— Data extract —
---

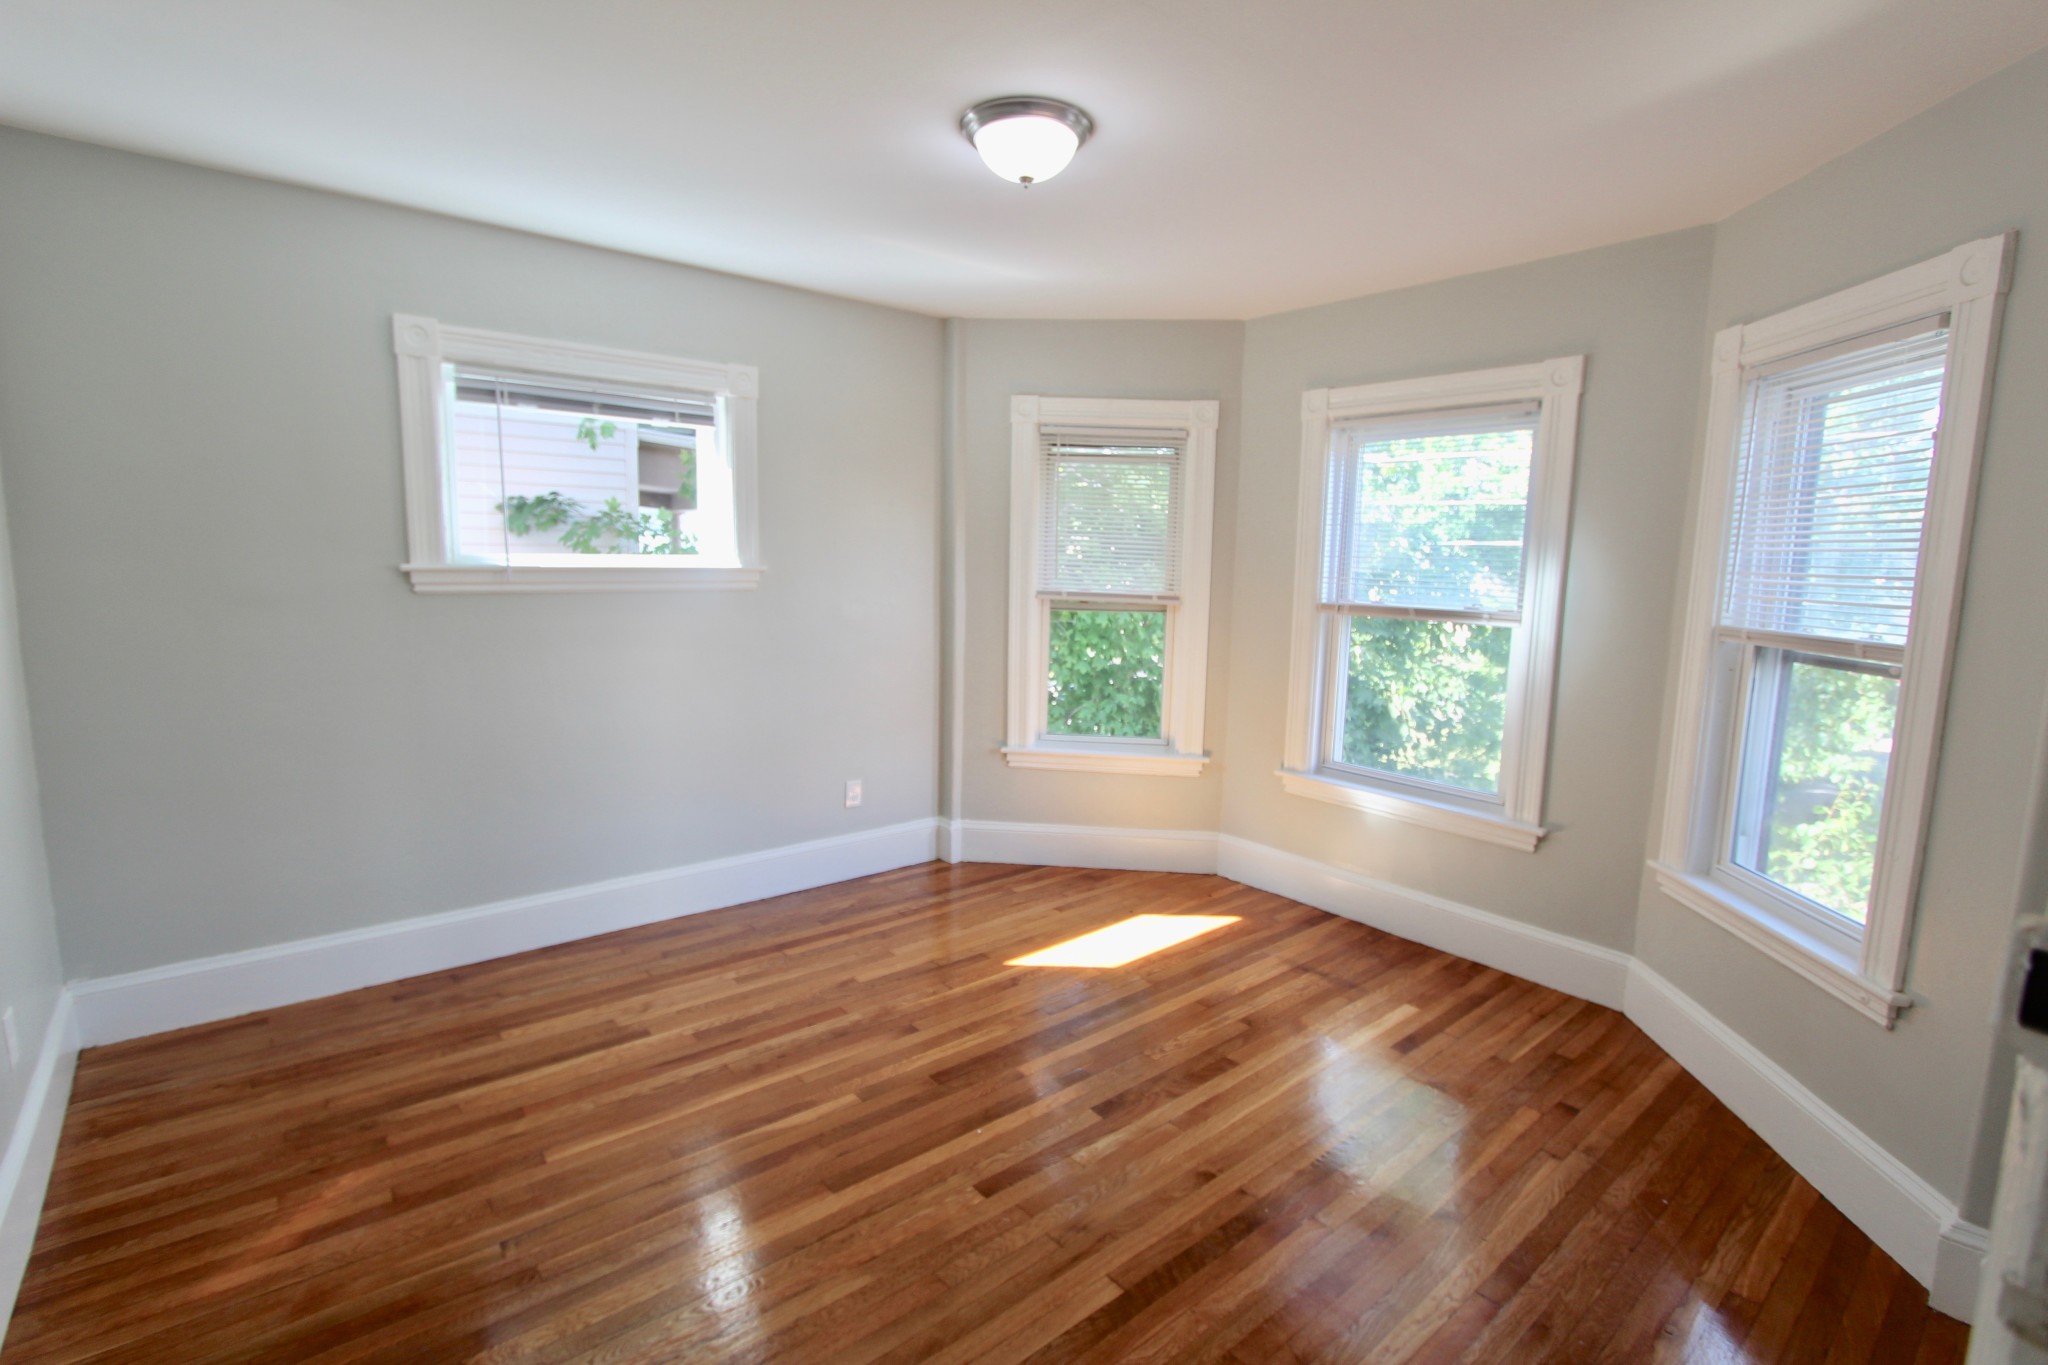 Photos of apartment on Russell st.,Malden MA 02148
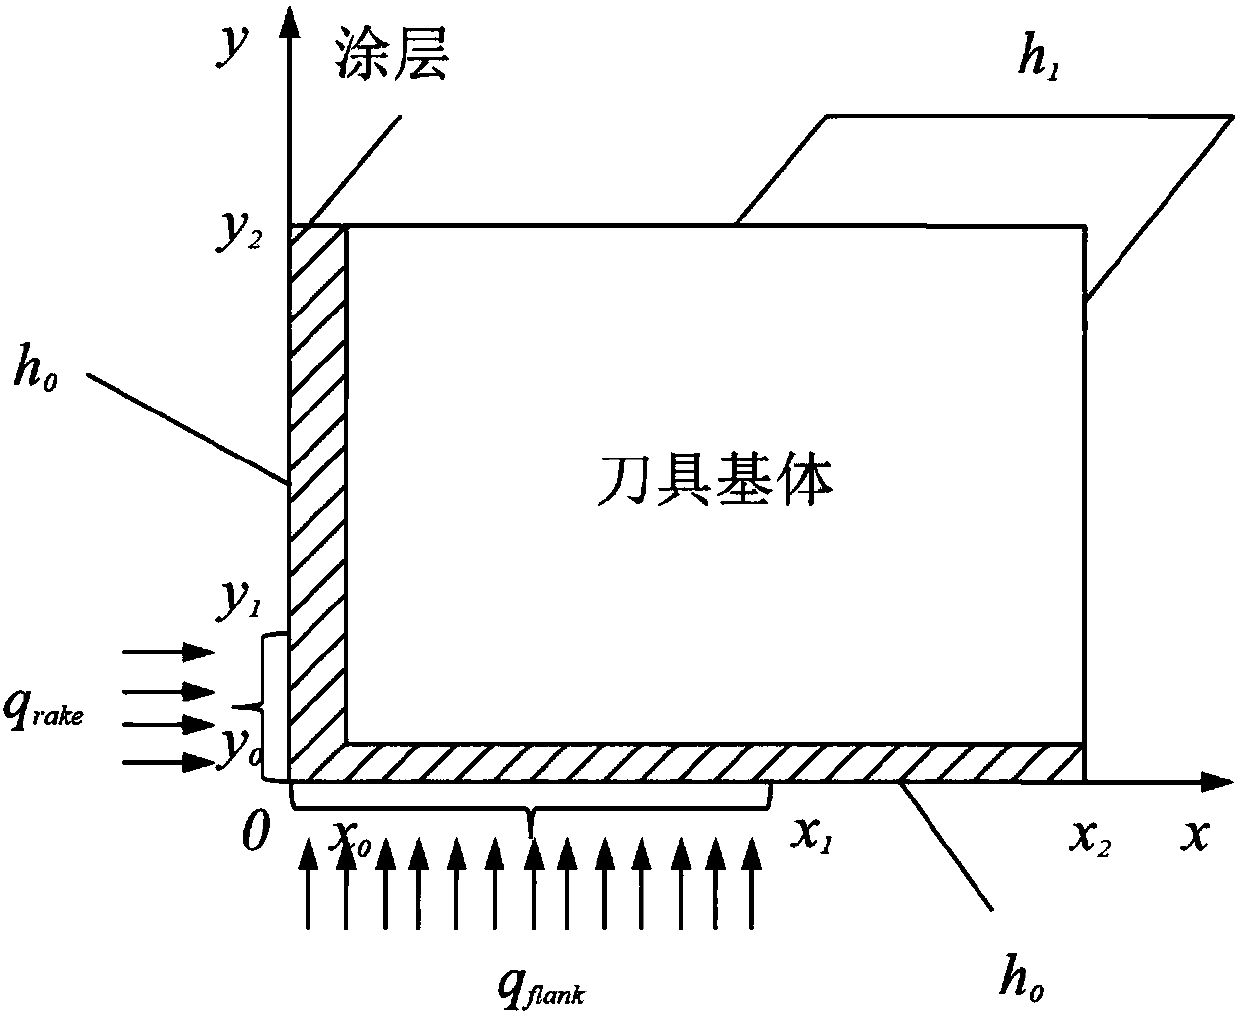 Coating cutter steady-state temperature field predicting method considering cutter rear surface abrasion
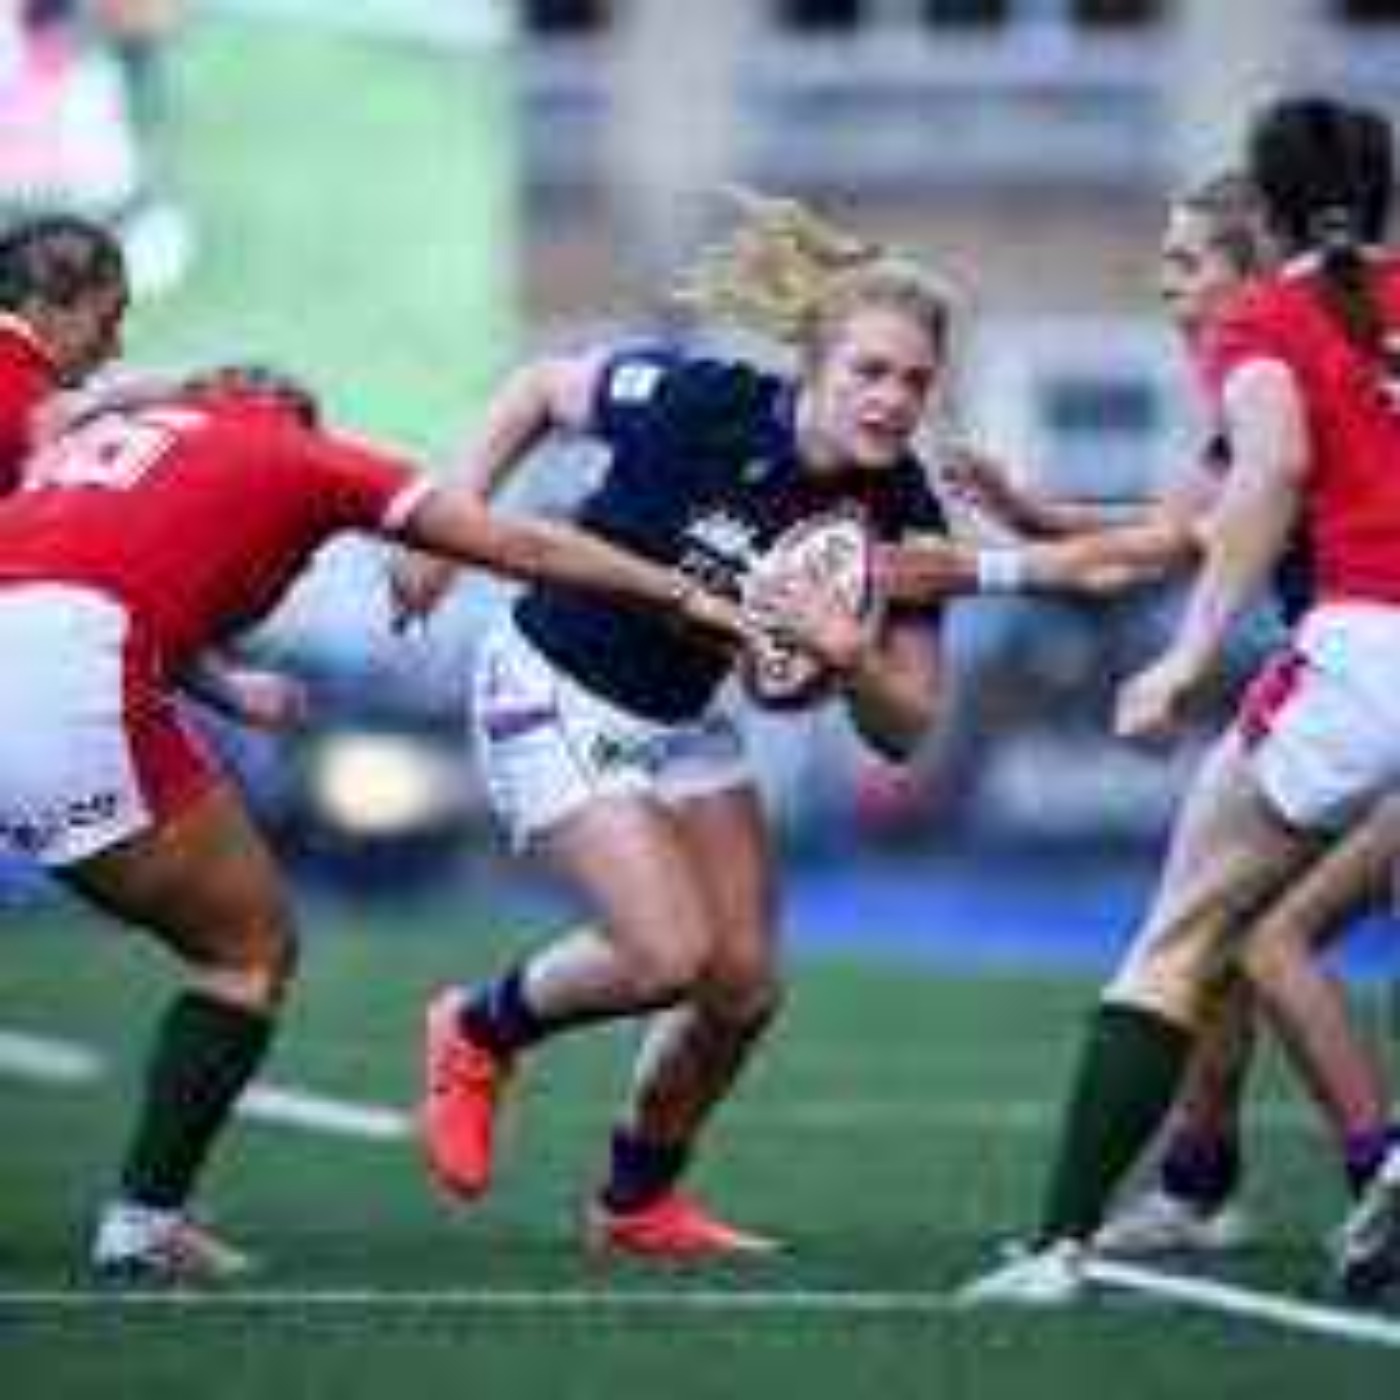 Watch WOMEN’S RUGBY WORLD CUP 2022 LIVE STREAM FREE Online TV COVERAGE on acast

---

— What is required —
Since only the text is needed, retype the data above exactly and omit the pictures.

— Written response —
 Photos of apartment on Russell st.,Malden MA 02148
 Coating cutter steady-state temperature field predicting method considering cutter rear surface abrasion
 Watch WOMEN’S RUGBY WORLD CUP 2022 LIVE STREAM FREE Online TV COVERAGE on acast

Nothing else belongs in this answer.